Relegated from the Premier League at the end of the 2008-09 season, Middlesbrough have since finished 11th, 12th and seventh in the Championship.
But Boro's promotion prospects look brighter this season. Third in the table after a strong start, hopes are high that Tony Mowbray's side can begin next season back in the Premier League.
Middlesbrough defender George Friend, who joined the club from Doncaster in the summer, explains to Football League Friday why he thinks the club have done well so far this campaign.
George Friend on Boro's current campaign
Whatever the view elsewhere in the country, Middlesbrough's strong start to the Championship season comes as no great surprise to those of us within the club. Third in the table with almost half the season played is, for the players, only what we had expected of ourselves.
In the coming months, we are hoping to maintain this high standard.
The Championship is considered one of the most competitive leagues in Europe, and supporters of Boro can rest assured that staff, management and the entire first-team squad remain focused on achieving our May 2013 targets. We are anything but complacent.
There have been times this season where we have managed to produce a strong unbeaten run - as when we won six straight league and cup games in October and November - but when we do experience defeat, there is a real belief that the next game is another opportunity to climb back up the table.
It is an outlook similar to the one I experienced at Wolves when I joined and we gained promotion to the Premier League in 2009.
Our manager at the Riverside, Tony Mowbray, plays a huge role in Boro's success. He and his coaching staff put hearts and minds into every match, whether it's Bury away in our first-round Capital One Cup tie or at home to Sheffield Wednesday, live on TV and in front of 28,000 fans.
Our training is heavily possession based, with high-intensity keep-ball sessions combined with a mixture of crossing/shooting drills and small-sided games. With a lot of strong, technically gifted players at the club, this possession-influenced training and style of football suits us.
Tactically I have noticed that the management are highly skilled in selecting the starting XI best suited to face upcoming opponents. That may sound obvious, but since I arrived I've been struck by the fact that, win or lose, there is no hesitation in changing personnel or formation after a game.
Unlike some clubs, for us it is never set in stone that we will play a rigid 4-4-2; throughout the season there is every possibility that at the end of the week in training the manager will work on a variety of team shapes.
At Gillingham away on a Tuesday night in the Capital One Cup, for example, we won while playing a 3-5-2 formation, yet three days previously we beat a strong Crystal Palace side at home deploying a 4-4-2, changing into a 4-3-3 formation.
Being able to vary formation is made easier because of our strong, talented squad, which also means competition for places is fierce. Players out of action are champing at the bit to make an impact - players like Belgium international Faris Haroun, who has played well for us in various midfield and attacking positions.

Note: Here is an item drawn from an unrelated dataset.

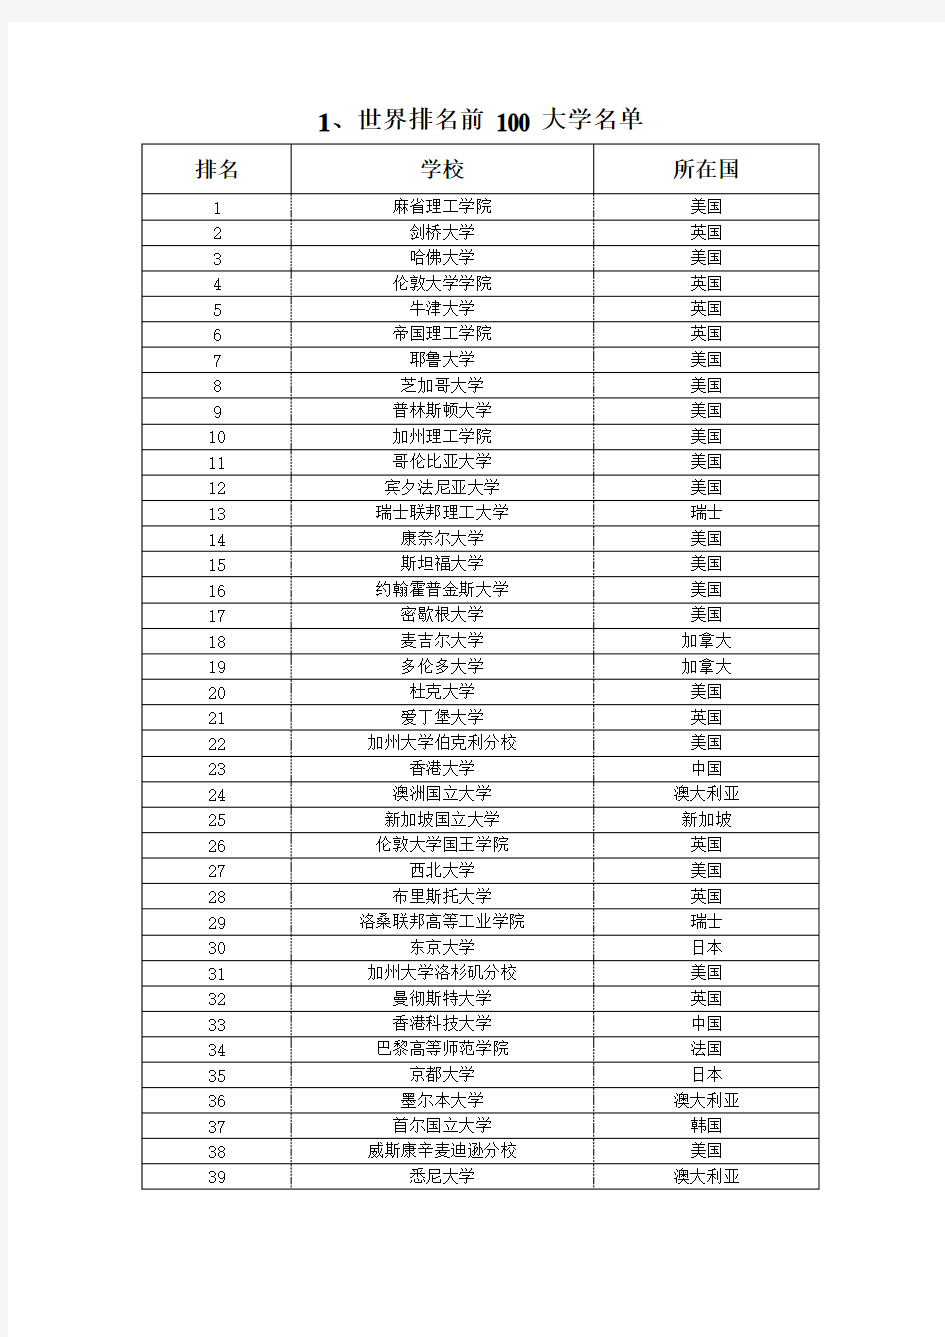 世界大学排名、中国985、211院校名录与大学正规专业分类

Every squad member understands they will contribute in some way in the course of the season, given the competitive and congested nature of the Championship. One illustration of this is the fact we've had 19 different scorers already this season, with chances converted from all areas of the pitch.
From my first-hand experience in the dressing room and around the training ground, what is most notable on a day-to-day basis is the camaraderie and team spirit, a vital component for any group wanting to achieve success.
Behind the scenes, first-team players interact with the youth team, creating a good working environment. This month, recently joined scholars will be performing their very own Middlesbrough FC 'X Factor' in front of the senior players. Apart from being highly entertaining, it promotes team-building and allows team spirit to flourish throughout the club.
We are a tight-knit group, based on respect for each other and everyone appreciating the hard graft and commitment needed to be successful in this league. There are no arguments when personnel are replaced, or preferential treatment when matches are won or goals are scored. Every team-mate is striving to work together with the same mind set, targeting the collective goal.
It's refreshing and enjoyable to be part of a squad of this nature, after previously experiencing tougher times in my final season at Doncaster Rovers, culminating in relegation to League One last season.
The Championship contains many big clubs, all of whom would consider themselves to be of Premier League standing, and all will be just as intent on promotion this season.
We've shown so far that we are certainly good enough to beat anyone. Consistency - and the good fortune to keep the majority of our squad fit - will give us our best chance.
All of my team-mates are highly motivated and aware that it is not individual players but the squad, and a squad mentality, that provides the basis upon which to build solidly for the future.